I have a problem… a really big fucking problem. It’s not going anywhere, but neither am I, so I have to do something about it and I think I am ready now. I am so sick of it all, it used to be the only way I could cope with the pain but I do not want to hide anymore. I want to be brave and face the world on my own two feet. So that is what I am going to do.
This summer is going to be MY summer. The summer I learn to be by myself with myself… without anything extra. Just me. Something I have not yet learned. I am planning on using all this time to better myself, work towards my goals. I am planning on doing a lot of yoga and hopefully art, if I can muster enough creative energy. I just want to Create. I want to make something beautiful out of nothing, out of suffering I want to see something good.
I am terrified but exhilarated at the same time.
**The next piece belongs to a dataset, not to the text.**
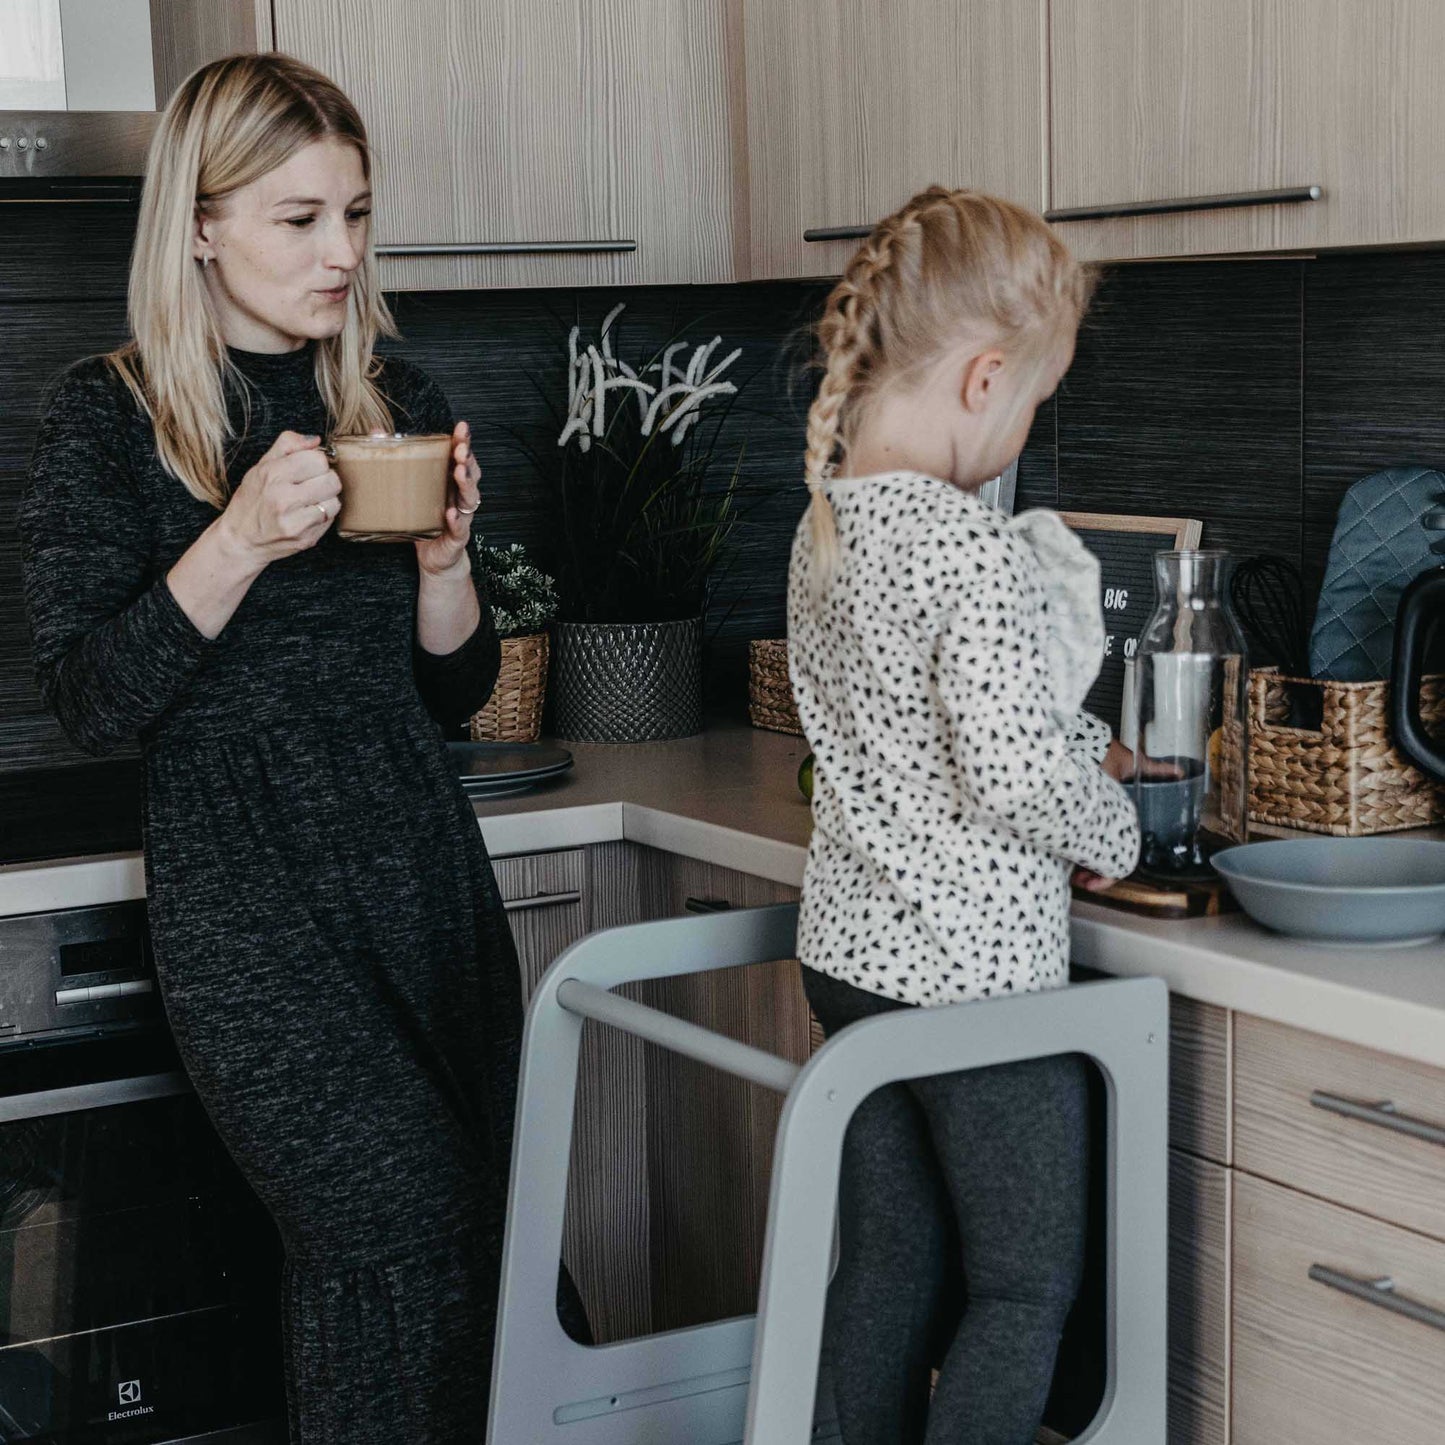 Girl cooking on a toddler step stool while mother drinks her coffee.
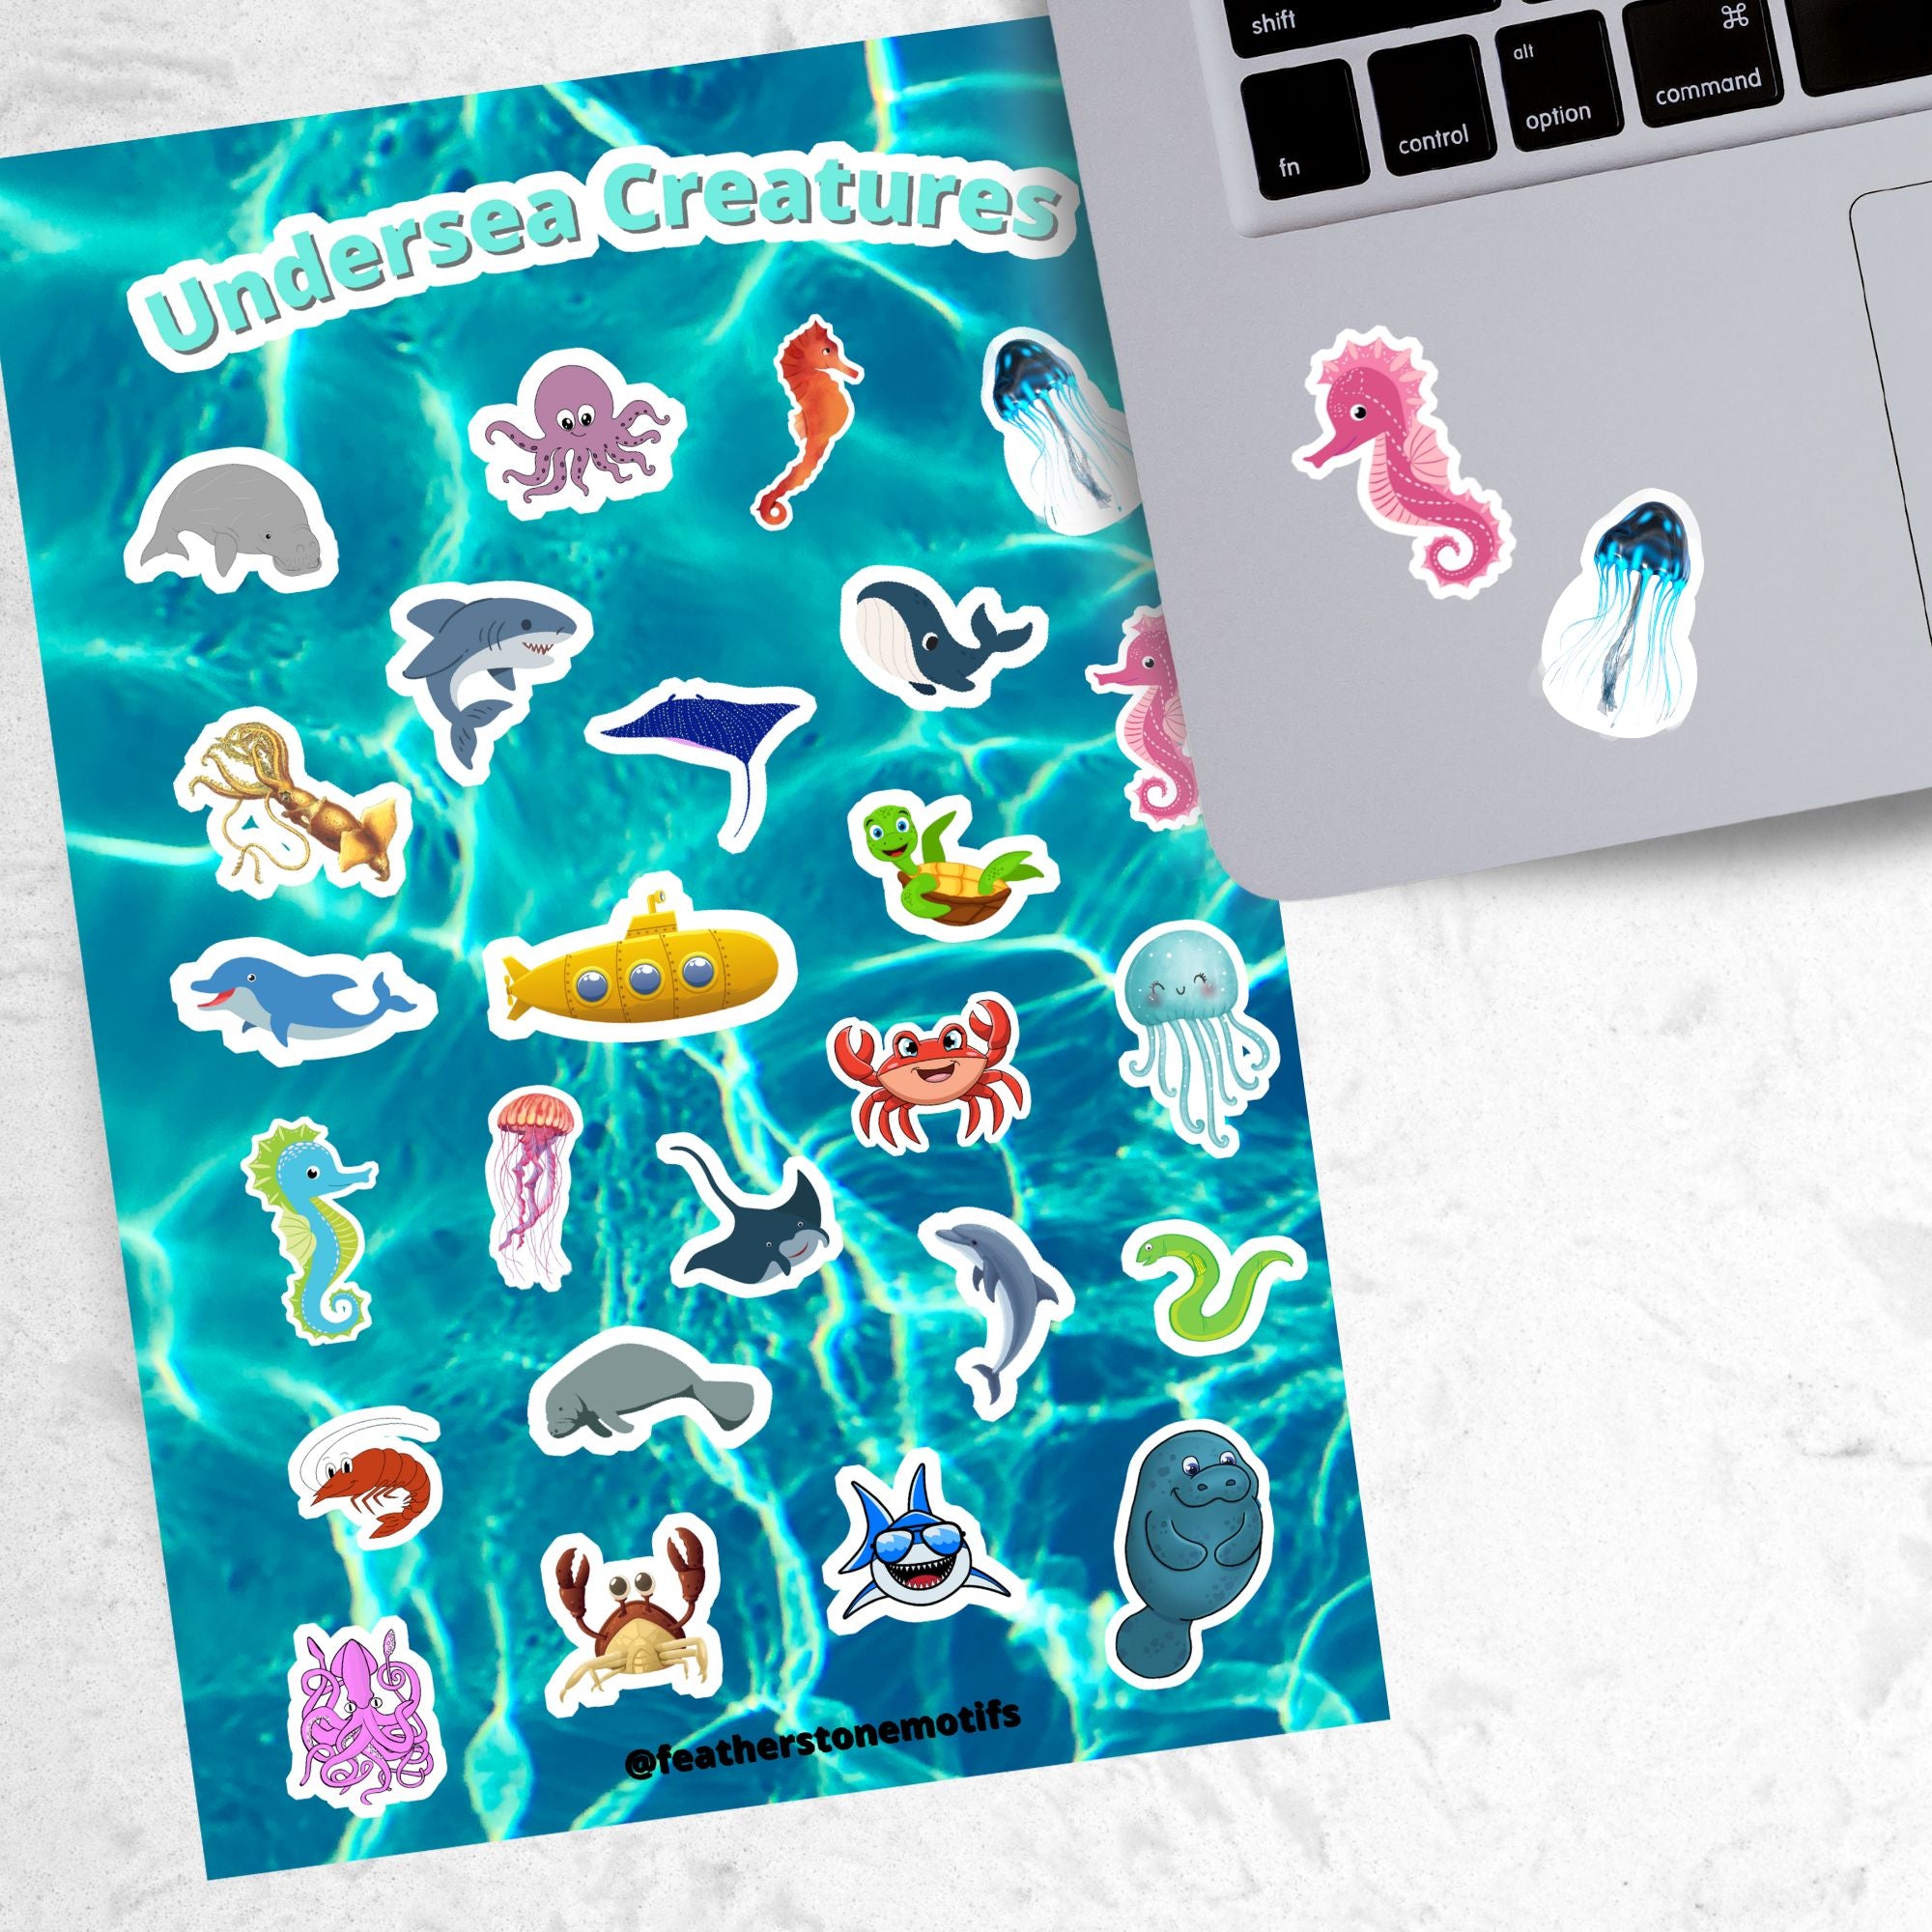 This sticker sheet is filled with fun and cute sticker images of all your favorite undersea creatures! Images include whales, sharks, jellyfish, manatee's, and crabs. There's even a yellow submarine! This image shows a pink seahorse sticker, and a blue jellyfish sticker, applied below the keyboard.

May 21, 2012, 06:00PM PDT | 0 comments
I feel so foggy and unclear lately. My entire life feels like a giant mist and I am lost in it. I need to clear my head, and I know I have a lot of work ahead of me in order to do this. I know what I have to do, it is just a matter of doing it. Yoga is a big part of it. Too bad I lost my yoga mat in my last move… tomorrow’s sole purpose is to acquire a new one. Small steps. One day at a time.
May 21, 2012, 12:14AM PDT | 0 comments
Still mulling this goal over, I know I want one, but I want to be absolutely sure of the design and placement. I have been reading some good things about a local tattoo artist by the name of Yoshi, at Tattoo Box. I think I will book a consultation soon, to get a feel for whether I like his work, and to figure out prices.
I have a design I am quite fond of – I just need to decide on the placement. Wrist, as I have always wanted… or hand? Hrmmm.